_Exercise inputs_
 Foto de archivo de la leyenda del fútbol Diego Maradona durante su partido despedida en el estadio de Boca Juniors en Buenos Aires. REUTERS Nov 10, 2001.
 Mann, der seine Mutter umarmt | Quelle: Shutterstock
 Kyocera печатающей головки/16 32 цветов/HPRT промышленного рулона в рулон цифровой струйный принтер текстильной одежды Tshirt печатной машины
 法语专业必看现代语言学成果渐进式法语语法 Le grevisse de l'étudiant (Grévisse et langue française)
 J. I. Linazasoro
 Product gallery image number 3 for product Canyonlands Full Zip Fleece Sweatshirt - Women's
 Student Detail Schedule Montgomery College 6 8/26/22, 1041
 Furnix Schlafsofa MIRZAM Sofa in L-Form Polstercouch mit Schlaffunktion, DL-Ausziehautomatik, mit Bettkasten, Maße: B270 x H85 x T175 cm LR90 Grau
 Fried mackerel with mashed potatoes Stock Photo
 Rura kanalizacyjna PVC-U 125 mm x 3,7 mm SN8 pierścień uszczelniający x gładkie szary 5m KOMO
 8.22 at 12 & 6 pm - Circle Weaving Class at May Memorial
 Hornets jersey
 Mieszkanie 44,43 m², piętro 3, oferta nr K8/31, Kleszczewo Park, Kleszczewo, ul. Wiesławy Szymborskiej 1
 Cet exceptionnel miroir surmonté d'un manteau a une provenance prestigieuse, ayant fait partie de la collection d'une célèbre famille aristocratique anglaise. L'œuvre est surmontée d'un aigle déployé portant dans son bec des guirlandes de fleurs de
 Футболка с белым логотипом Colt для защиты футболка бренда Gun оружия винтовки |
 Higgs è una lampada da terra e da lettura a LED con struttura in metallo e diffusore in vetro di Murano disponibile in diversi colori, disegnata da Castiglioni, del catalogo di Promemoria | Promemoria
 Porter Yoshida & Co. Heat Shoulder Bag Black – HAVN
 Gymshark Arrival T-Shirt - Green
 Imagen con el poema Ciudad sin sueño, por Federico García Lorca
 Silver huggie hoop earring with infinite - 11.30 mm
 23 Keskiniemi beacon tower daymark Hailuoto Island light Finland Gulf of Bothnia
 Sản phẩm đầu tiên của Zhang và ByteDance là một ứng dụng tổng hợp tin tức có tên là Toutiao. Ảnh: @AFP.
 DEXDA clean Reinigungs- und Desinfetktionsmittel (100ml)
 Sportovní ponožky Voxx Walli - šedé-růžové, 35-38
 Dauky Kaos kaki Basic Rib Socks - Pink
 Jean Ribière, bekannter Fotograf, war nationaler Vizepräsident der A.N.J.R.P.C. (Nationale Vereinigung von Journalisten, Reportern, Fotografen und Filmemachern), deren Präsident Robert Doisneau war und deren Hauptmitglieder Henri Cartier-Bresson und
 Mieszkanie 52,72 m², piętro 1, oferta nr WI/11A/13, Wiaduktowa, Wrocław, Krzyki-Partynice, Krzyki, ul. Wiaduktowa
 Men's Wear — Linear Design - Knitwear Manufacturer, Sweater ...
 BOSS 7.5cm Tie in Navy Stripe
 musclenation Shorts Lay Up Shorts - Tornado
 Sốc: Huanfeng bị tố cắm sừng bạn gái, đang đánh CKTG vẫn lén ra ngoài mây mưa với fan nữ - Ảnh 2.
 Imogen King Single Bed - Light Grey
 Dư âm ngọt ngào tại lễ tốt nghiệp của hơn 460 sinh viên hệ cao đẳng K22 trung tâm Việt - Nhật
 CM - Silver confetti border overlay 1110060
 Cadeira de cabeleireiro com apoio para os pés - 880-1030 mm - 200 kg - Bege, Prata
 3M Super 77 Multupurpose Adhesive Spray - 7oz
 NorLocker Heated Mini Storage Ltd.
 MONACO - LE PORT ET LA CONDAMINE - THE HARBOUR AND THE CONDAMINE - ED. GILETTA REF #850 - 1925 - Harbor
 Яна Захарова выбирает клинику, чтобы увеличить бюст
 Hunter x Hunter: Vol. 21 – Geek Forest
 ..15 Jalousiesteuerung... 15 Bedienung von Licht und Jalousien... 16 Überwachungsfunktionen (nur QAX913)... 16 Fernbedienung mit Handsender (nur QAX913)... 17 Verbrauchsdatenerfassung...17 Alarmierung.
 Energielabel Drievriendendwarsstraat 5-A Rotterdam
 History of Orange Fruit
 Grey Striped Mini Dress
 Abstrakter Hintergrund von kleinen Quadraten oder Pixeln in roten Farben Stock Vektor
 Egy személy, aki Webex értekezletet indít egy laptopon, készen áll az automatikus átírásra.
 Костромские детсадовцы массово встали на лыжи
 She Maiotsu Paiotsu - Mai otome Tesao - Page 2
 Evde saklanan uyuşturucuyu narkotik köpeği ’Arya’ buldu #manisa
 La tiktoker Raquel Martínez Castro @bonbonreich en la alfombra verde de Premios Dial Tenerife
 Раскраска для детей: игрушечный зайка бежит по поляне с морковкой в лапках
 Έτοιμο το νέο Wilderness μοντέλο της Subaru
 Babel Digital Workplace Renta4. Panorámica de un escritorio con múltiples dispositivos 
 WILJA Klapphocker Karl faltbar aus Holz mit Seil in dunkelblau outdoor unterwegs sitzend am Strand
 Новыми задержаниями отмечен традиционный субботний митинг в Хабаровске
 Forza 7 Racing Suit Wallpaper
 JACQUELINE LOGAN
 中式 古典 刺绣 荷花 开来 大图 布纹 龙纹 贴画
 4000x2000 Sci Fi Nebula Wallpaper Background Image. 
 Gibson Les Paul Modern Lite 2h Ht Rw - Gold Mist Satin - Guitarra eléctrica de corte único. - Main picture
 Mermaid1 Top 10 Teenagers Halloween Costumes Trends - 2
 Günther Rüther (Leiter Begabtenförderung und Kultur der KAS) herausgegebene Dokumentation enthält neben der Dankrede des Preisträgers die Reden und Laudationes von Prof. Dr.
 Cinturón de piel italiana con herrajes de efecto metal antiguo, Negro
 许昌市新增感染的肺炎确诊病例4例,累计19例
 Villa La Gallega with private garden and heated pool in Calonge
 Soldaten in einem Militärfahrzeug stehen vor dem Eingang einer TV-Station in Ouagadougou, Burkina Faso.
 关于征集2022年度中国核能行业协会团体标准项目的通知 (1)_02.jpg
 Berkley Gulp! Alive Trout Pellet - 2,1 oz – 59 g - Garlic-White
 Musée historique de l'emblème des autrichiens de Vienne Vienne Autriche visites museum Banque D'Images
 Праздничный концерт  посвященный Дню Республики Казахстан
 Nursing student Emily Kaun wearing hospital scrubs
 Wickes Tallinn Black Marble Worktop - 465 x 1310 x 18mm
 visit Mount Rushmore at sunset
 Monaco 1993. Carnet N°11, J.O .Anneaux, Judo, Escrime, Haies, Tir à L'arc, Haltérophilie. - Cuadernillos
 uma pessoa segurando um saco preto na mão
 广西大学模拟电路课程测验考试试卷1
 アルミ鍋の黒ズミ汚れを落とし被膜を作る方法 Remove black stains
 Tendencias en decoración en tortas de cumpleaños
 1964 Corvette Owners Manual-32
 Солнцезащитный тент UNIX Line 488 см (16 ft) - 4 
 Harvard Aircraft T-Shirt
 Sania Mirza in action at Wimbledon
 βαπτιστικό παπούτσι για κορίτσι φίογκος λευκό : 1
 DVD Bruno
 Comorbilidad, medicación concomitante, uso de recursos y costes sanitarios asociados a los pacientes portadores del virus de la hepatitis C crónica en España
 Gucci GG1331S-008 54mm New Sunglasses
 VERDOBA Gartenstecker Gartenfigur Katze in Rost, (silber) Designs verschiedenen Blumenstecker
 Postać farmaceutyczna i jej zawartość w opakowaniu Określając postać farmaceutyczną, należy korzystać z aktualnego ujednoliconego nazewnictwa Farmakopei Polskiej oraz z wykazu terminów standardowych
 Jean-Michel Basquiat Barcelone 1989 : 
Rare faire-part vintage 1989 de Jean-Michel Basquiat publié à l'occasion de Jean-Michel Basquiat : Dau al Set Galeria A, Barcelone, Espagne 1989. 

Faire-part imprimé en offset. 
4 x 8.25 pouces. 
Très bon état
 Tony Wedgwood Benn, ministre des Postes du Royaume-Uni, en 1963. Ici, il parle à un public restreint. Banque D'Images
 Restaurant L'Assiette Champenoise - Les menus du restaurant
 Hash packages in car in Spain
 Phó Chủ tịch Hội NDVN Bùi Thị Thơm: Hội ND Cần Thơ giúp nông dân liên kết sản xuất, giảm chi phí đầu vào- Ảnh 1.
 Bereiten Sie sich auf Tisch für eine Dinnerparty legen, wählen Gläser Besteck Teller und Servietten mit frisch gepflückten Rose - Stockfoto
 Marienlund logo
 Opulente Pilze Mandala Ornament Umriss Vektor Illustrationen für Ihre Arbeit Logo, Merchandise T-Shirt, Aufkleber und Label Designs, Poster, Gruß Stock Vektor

_Exercise objective_
Could you restate word for word the lines above from the one containing "Imogen King Single Bed - Light Grey" through the one containing "Abstrakter Hintergrund von", both included, and nothing else?

_Answer section_
 Imogen King Single Bed - Light Grey
 Dư âm ngọt ngào tại lễ tốt nghiệp của hơn 460 sinh viên hệ cao đẳng K22 trung tâm Việt - Nhật
 CM - Silver confetti border overlay 1110060
 Cadeira de cabeleireiro com apoio para os pés - 880-1030 mm - 200 kg - Bege, Prata
 3M Super 77 Multupurpose Adhesive Spray - 7oz
 NorLocker Heated Mini Storage Ltd.
 MONACO - LE PORT ET LA CONDAMINE - THE HARBOUR AND THE CONDAMINE - ED. GILETTA REF #850 - 1925 - Harbor
 Яна Захарова выбирает клинику, чтобы увеличить бюст
 Hunter x Hunter: Vol. 21 – Geek Forest
 ..15 Jalousiesteuerung... 15 Bedienung von Licht und Jalousien... 16 Überwachungsfunktionen (nur QAX913)... 16 Fernbedienung mit Handsender (nur QAX913)... 17 Verbrauchsdatenerfassung...17 Alarmierung.
 Energielabel Drievriendendwarsstraat 5-A Rotterdam
 History of Orange Fruit
 Grey Striped Mini Dress
 Abstrakter Hintergrund von kleinen Quadraten oder Pixeln in roten Farben Stock Vektor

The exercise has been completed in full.